*** GIVEN INFORMATION ***
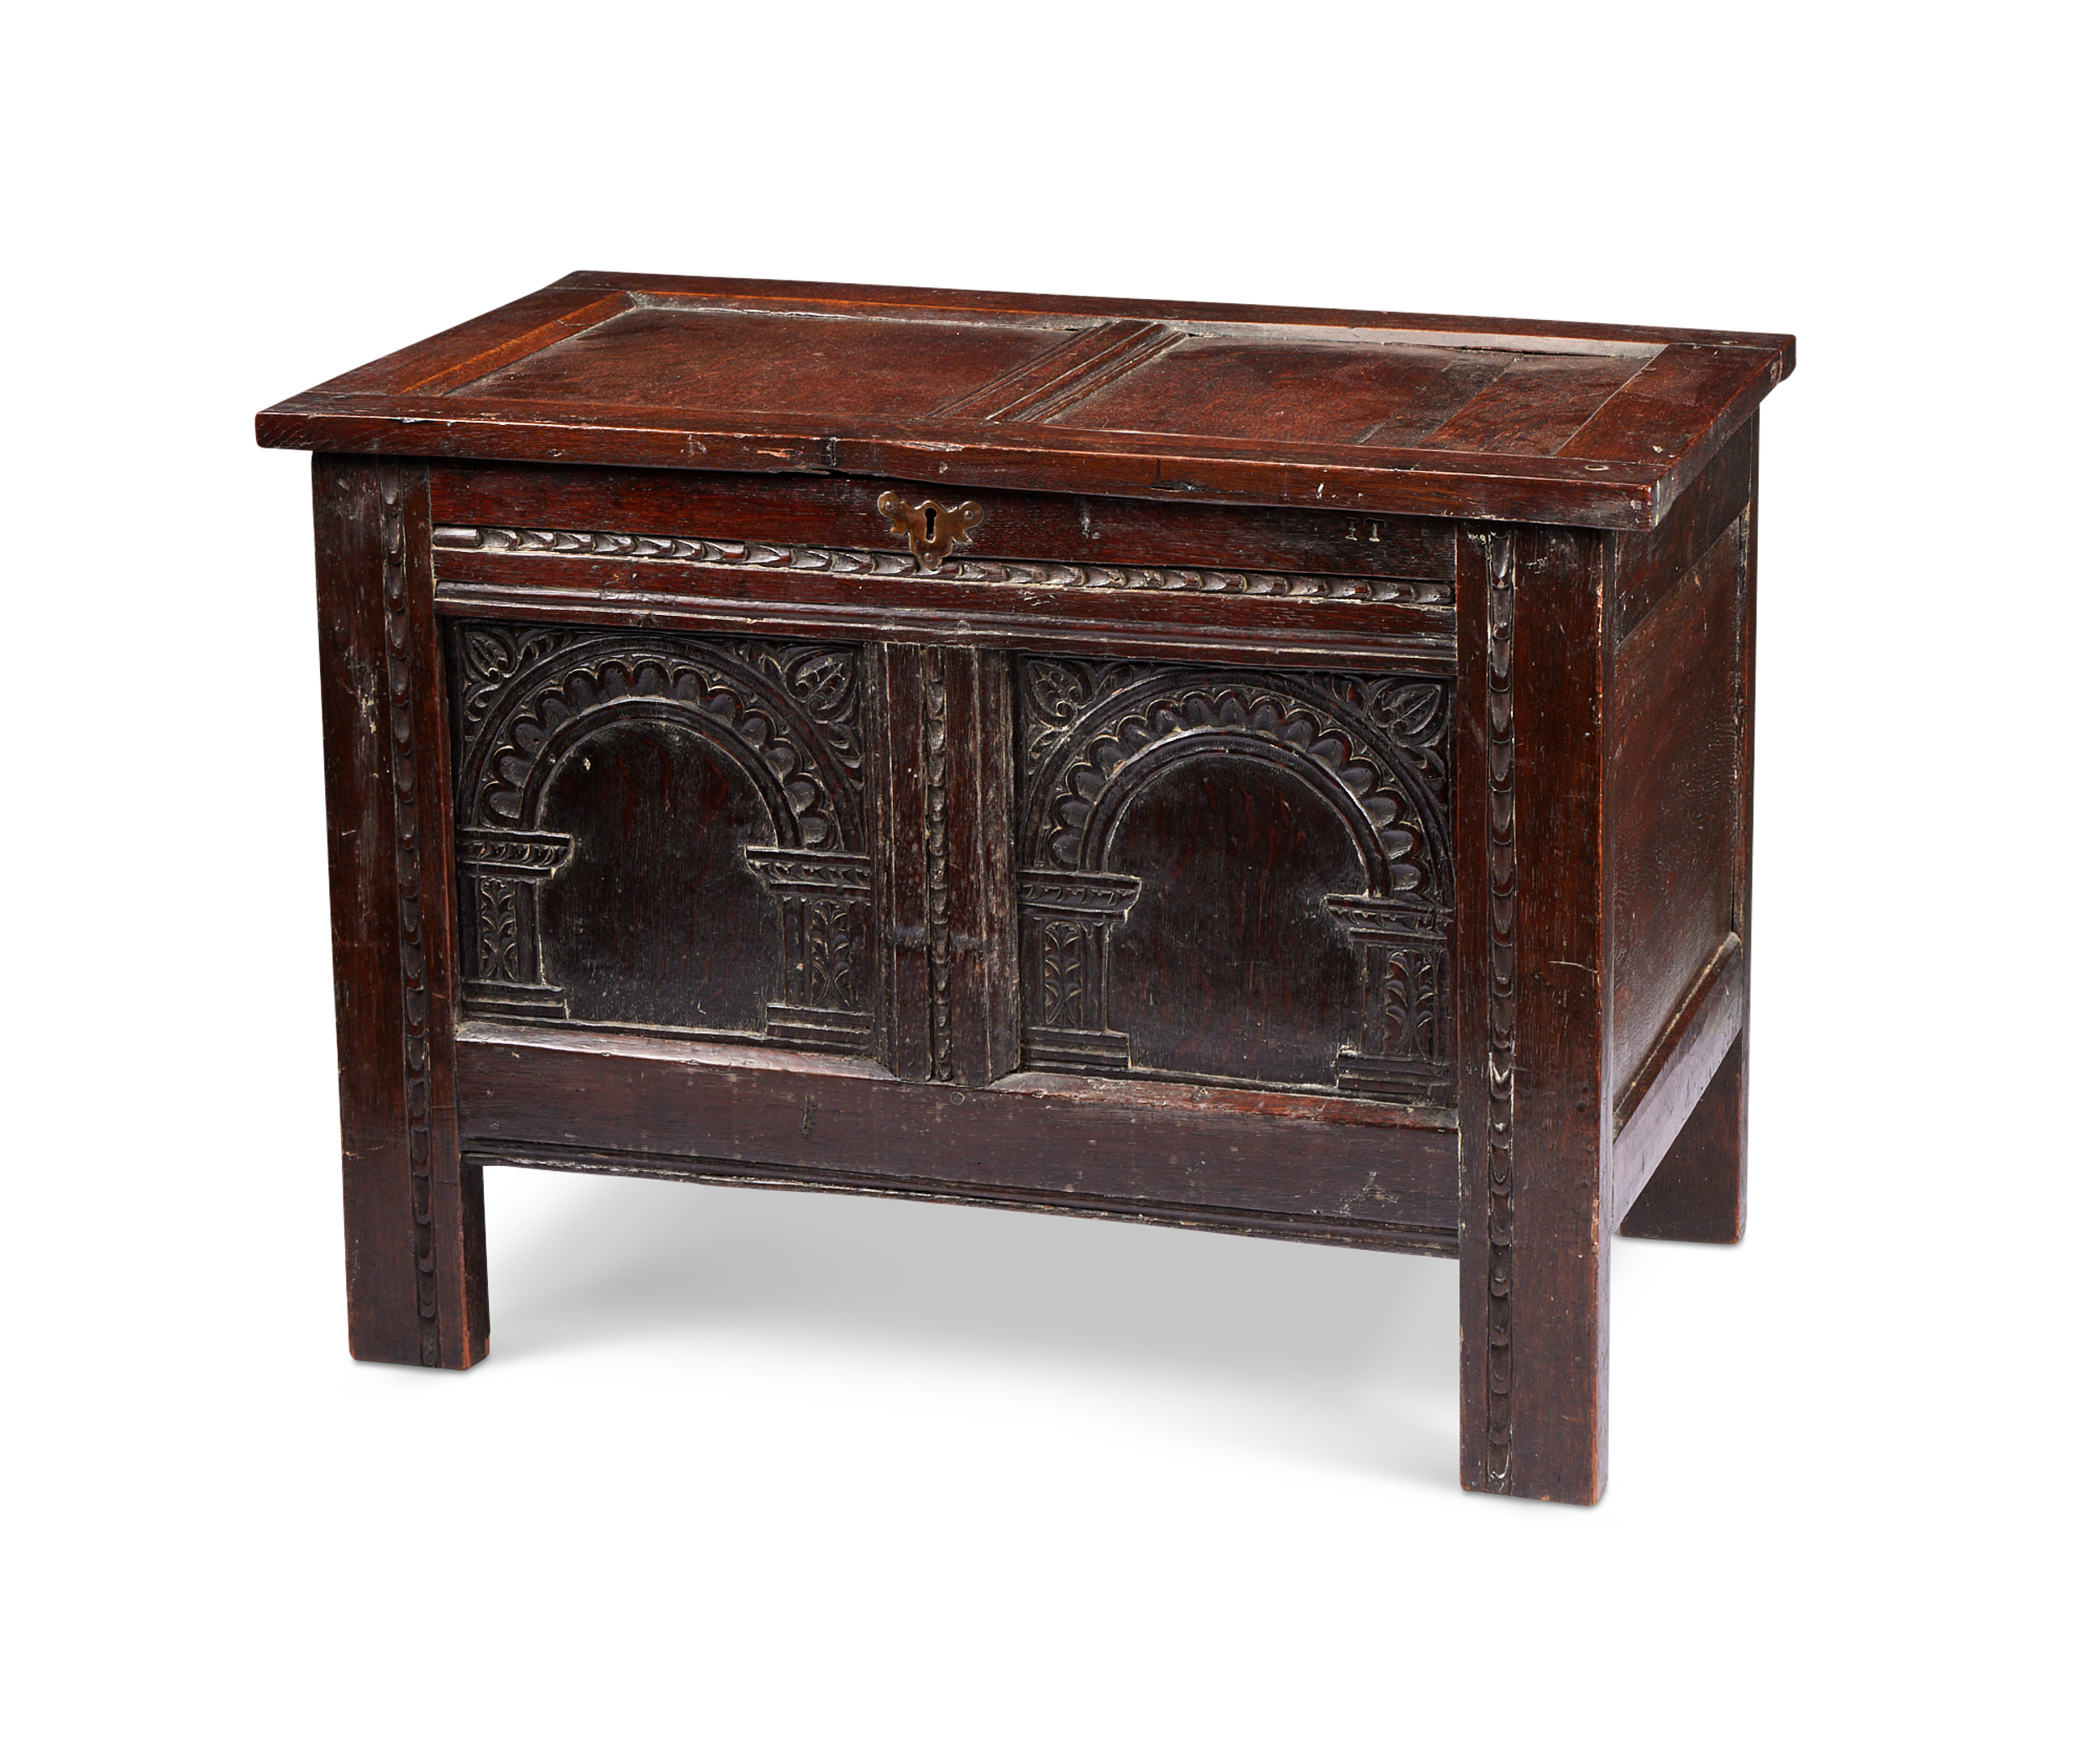 A small late 17th century oak carved chest
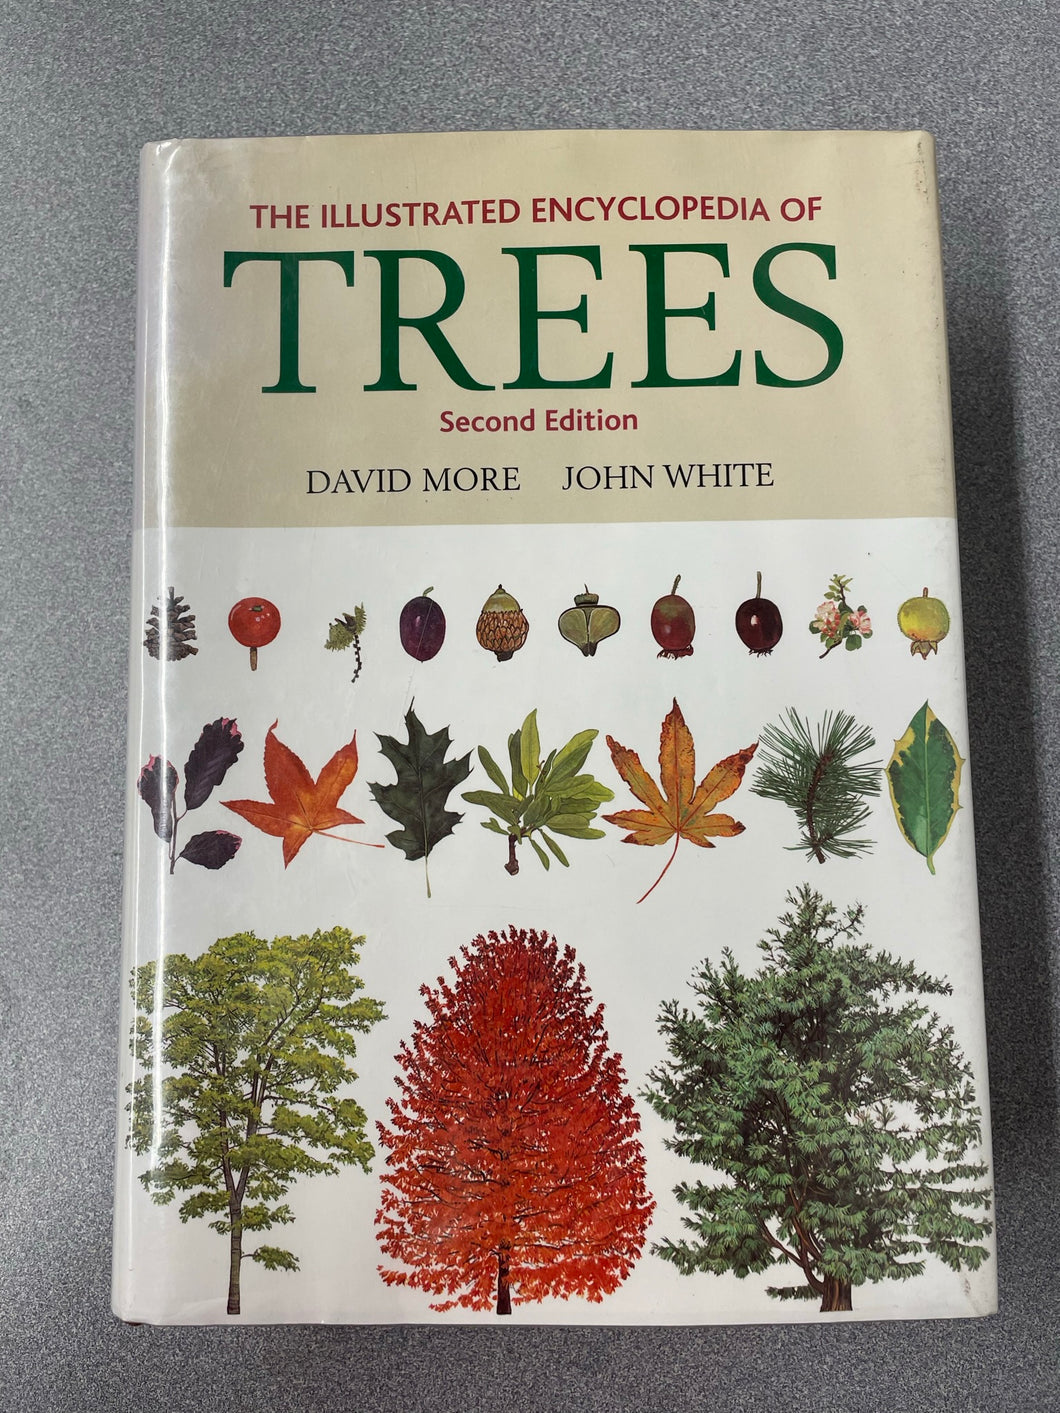 The Illustrated Encyclopedia of Trees, Second Edition, More, David and John White [2002] SN  7/23
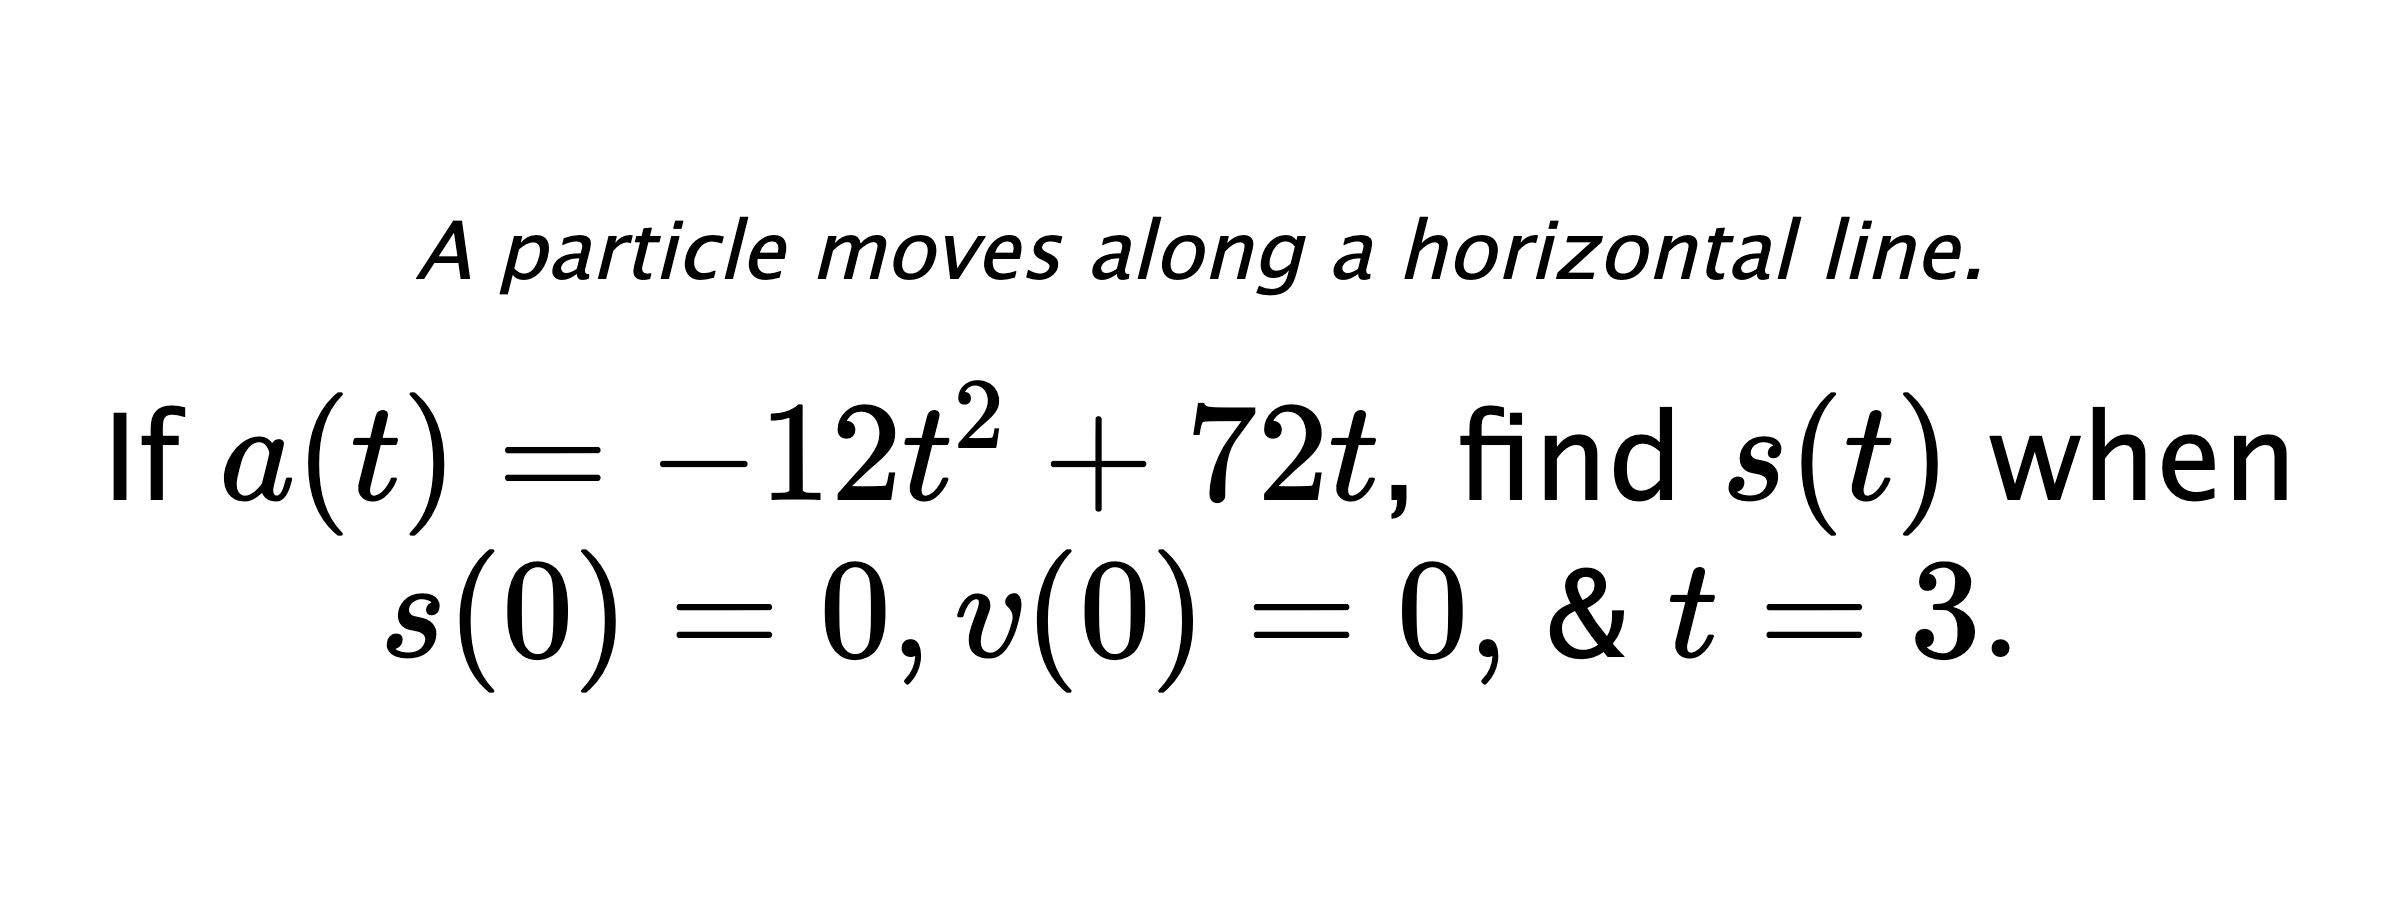 A particle moves along a horizontal line. If $ a(t)=-12t^2+72t $, find $ s(t) $ when $ s(0)=0, v(0)=0, $ & $ t=3 .$
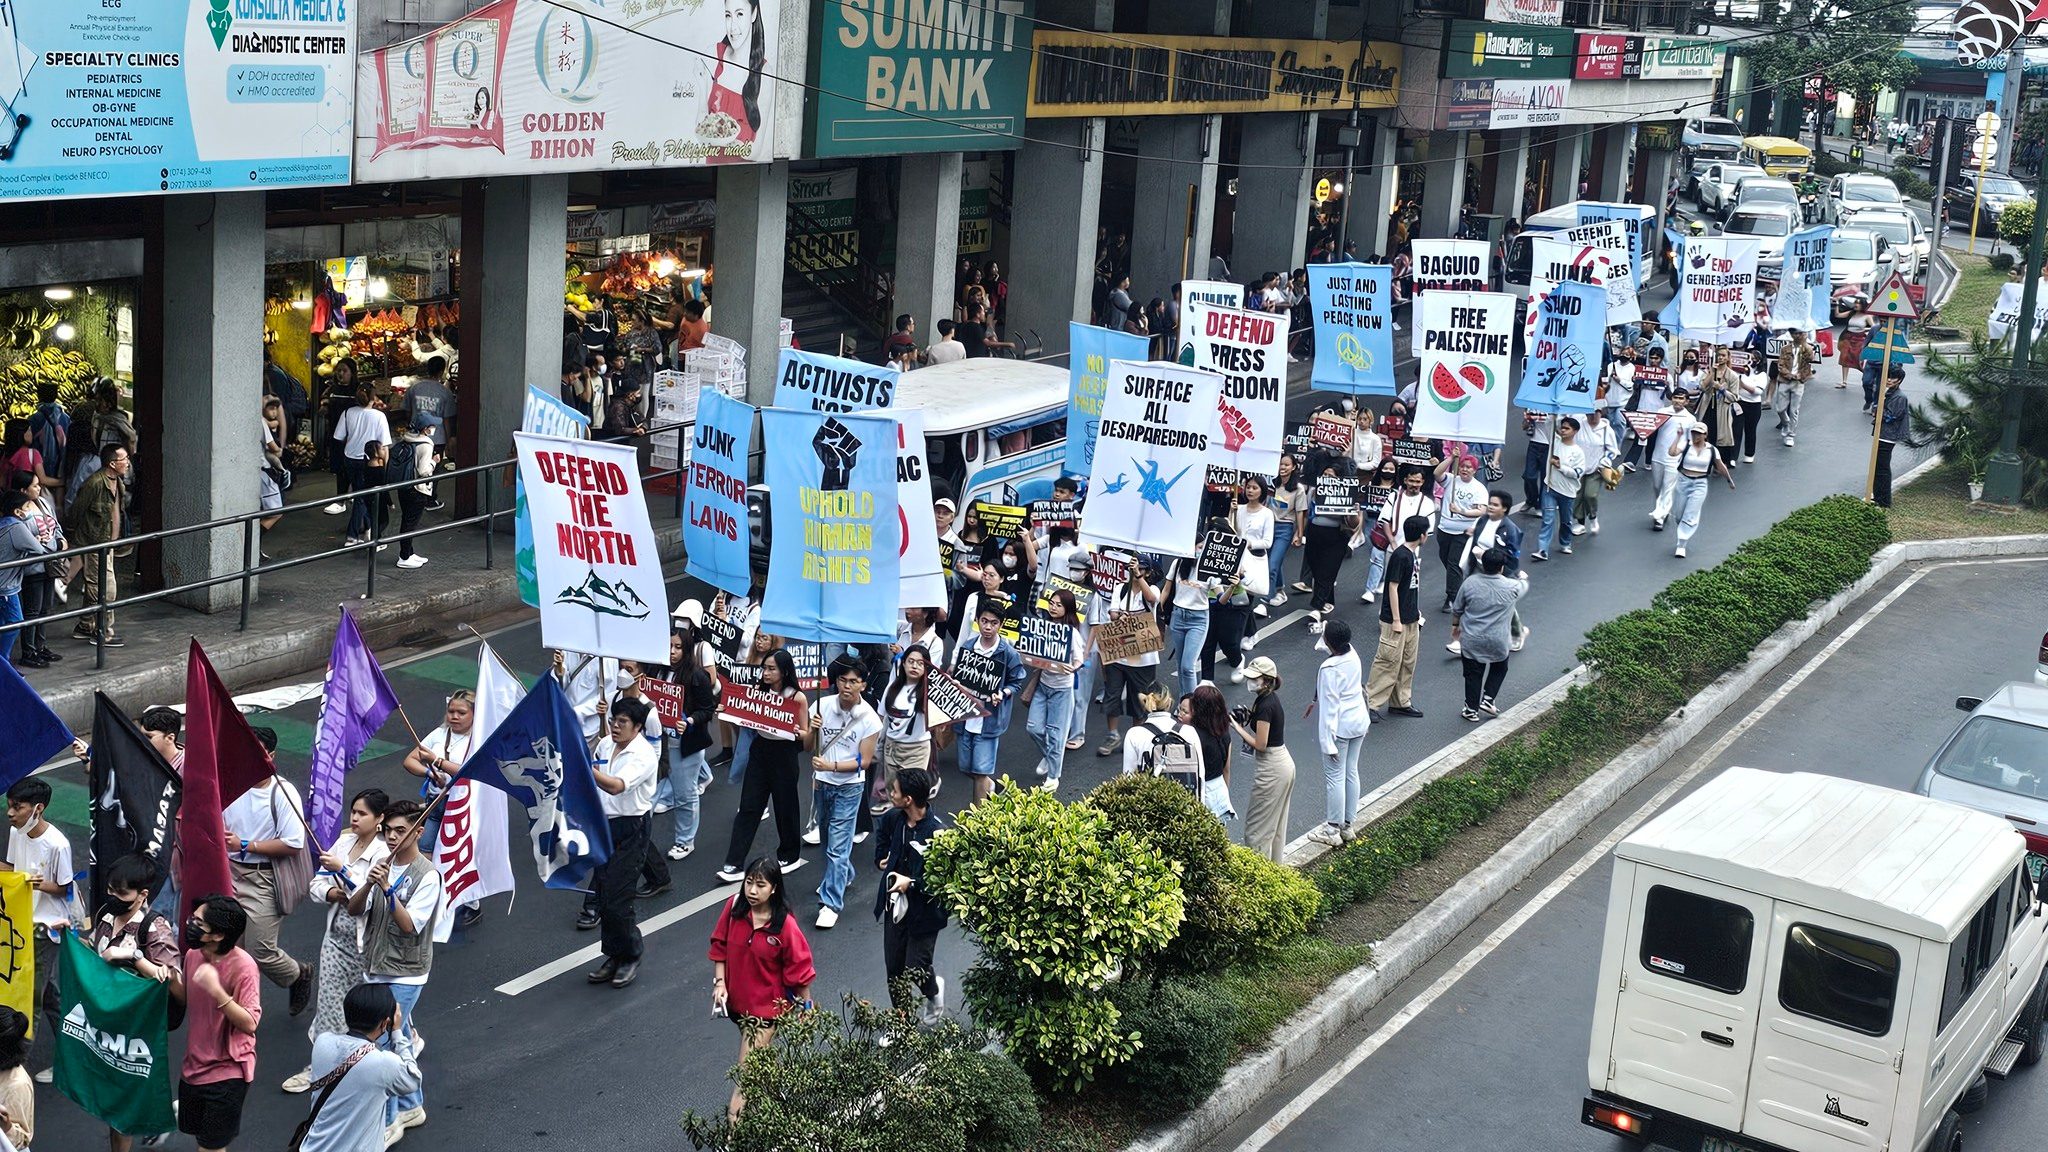 Baguio groups rally to call for change, respect for human rights
***
> [INSTRUCTIONS FOR THE TASK]
Although the material contains pictures, only the lines are to be written out, exactly as they stand.

> [EXERCISE RESPONSE]
 A small late 17th century oak carved chest
 The Illustrated Encyclopedia of Trees, Second Edition, More, David and John White [2002] SN  7/23
 A particle moves along a horizontal line. If $ a(t)=-12t^2+72t $, find $ s(t) $ when $ s(0)=0, v(0)=0, $ & $ t=3 .$
 Baguio groups rally to call for change, respect for human rights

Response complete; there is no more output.